From an Employer perspective PF is quite important because it is really helps in stopping the migration of employees due to financial insecurity, as well as it builds the confidence and trust amongst the employee when they know that the employer himself is interested in their future well being.

From the Employee perspective it means insecurity less, tension free brain to work with, as well as a guarantee that after retirement to enjoy their time and life in leisure rather than in anxiety.

Applicability:

Applicability of Provident Fund according to the Employees Provident Fund and Miscellaneous Act of 1952 every establishment which is a factory engaged in any industry specified in Schedule 1 and in which 20 or more persons are
employed and any other establishment employing 20 or more persons which
Central Government may, by notification, specify in this behalf.

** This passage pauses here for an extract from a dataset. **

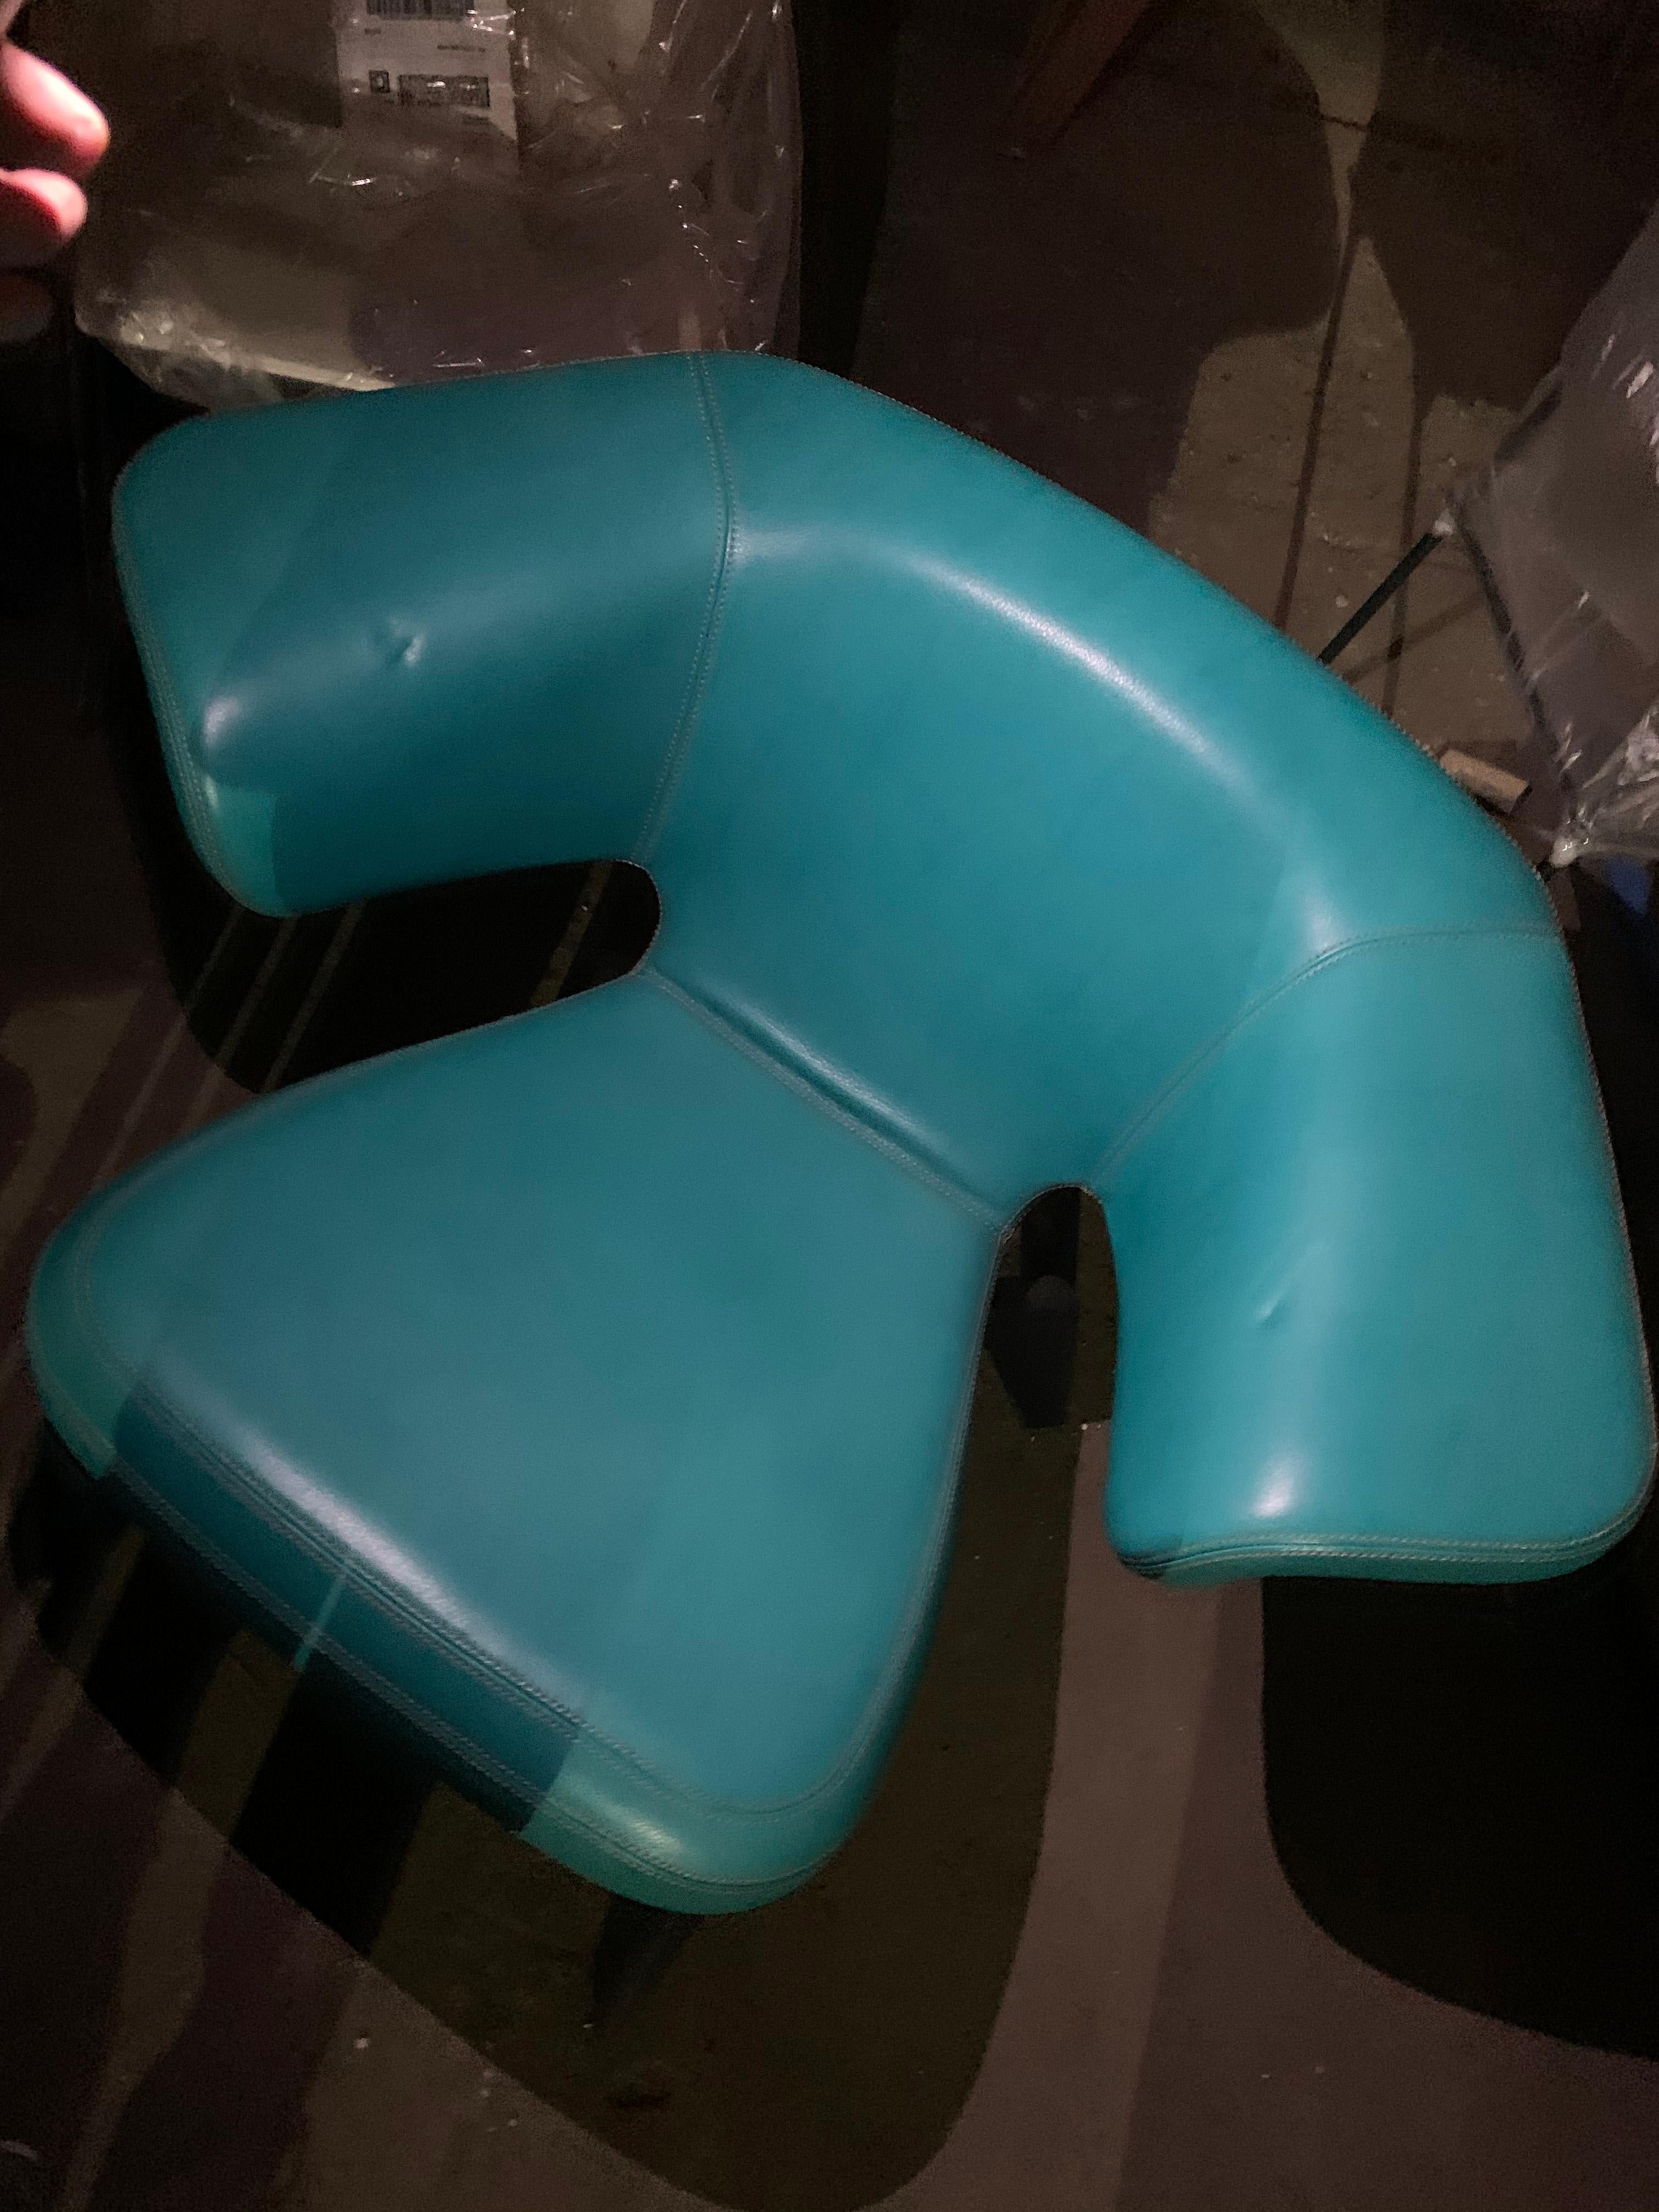 German ClassiCon Turquoise Munich Lounge Chair Designed by Sauerbruch Hutton in STOCK For Sale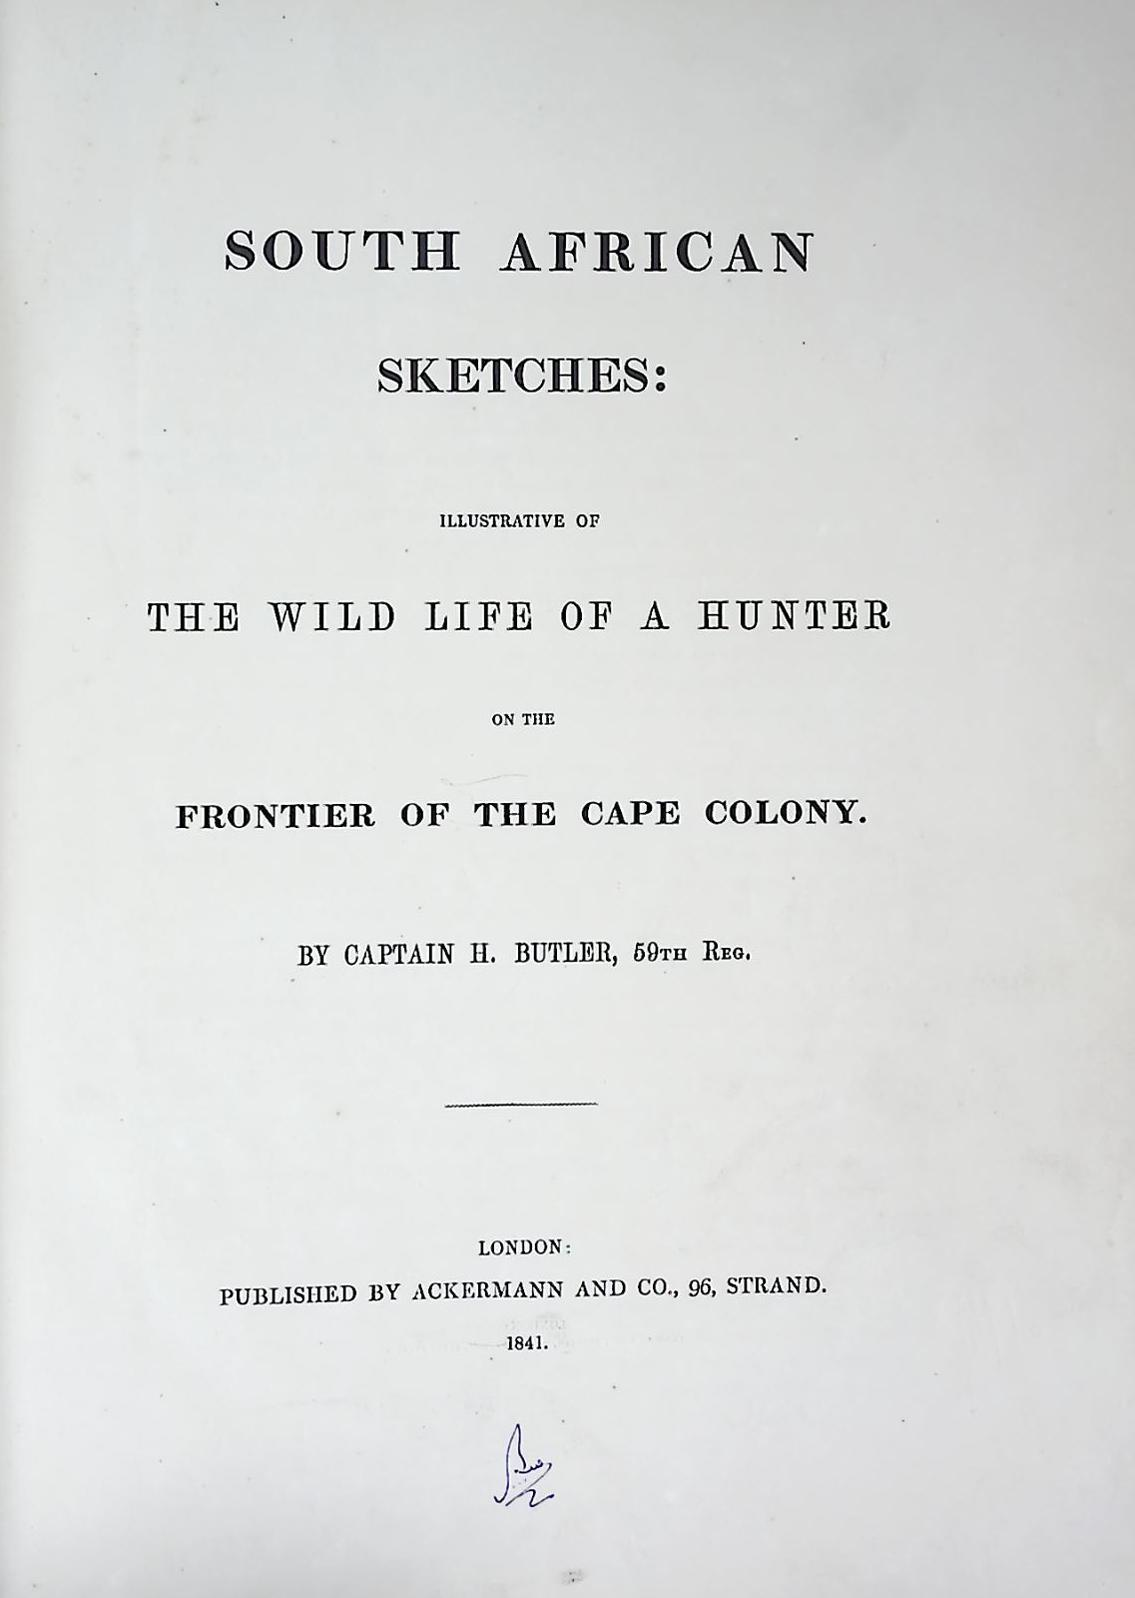 South African Sketches: Illustrative of The Wild Life of a Hunter on the Frontier of the Cape Colony.

Provident Fund’s provision is also applicable voluntarily too, even if the company doesn’t have the requisite minimum number of 20 employees.

Can be made applicable by central government to establishments employing less than 20 persons or if the majority of employees agree.

PF is applicable to all persons who are employed directly or indirectly through contractors in any kind of work.

Applicability of PF according to which Law:

Provident Fund is applicable under the Employees Provident Fund and Miscellaneous Act of 1952, where-in it is clearly mentioned in its objective that the act has been passed for the provision of Compulsory Provident Fund for Employees.

Eligibility:

The eligible employees for Provident Fund are those who are drawing pay from the company.

The Deduction is 12% of the basic salary.

Regulatory Body:

Provident Fund is regulated and guided by Employees’ Provident Fund Organization of India, which is a Statutory body under the Ministry of Labor and Employment.

Calculation:

If your Gross Salary i.e. 10500/- the following calculate the allowances, it has to be calculate as the basic 2/3 time i.e. 7000 is basic
balance amount is the following calculation:-
Professional Tax 1% of Gross
P.F 1% of Basic Pay
Medical 9% of Basic Per Month
House Rent 45% of Allowances on balance after Basic salary.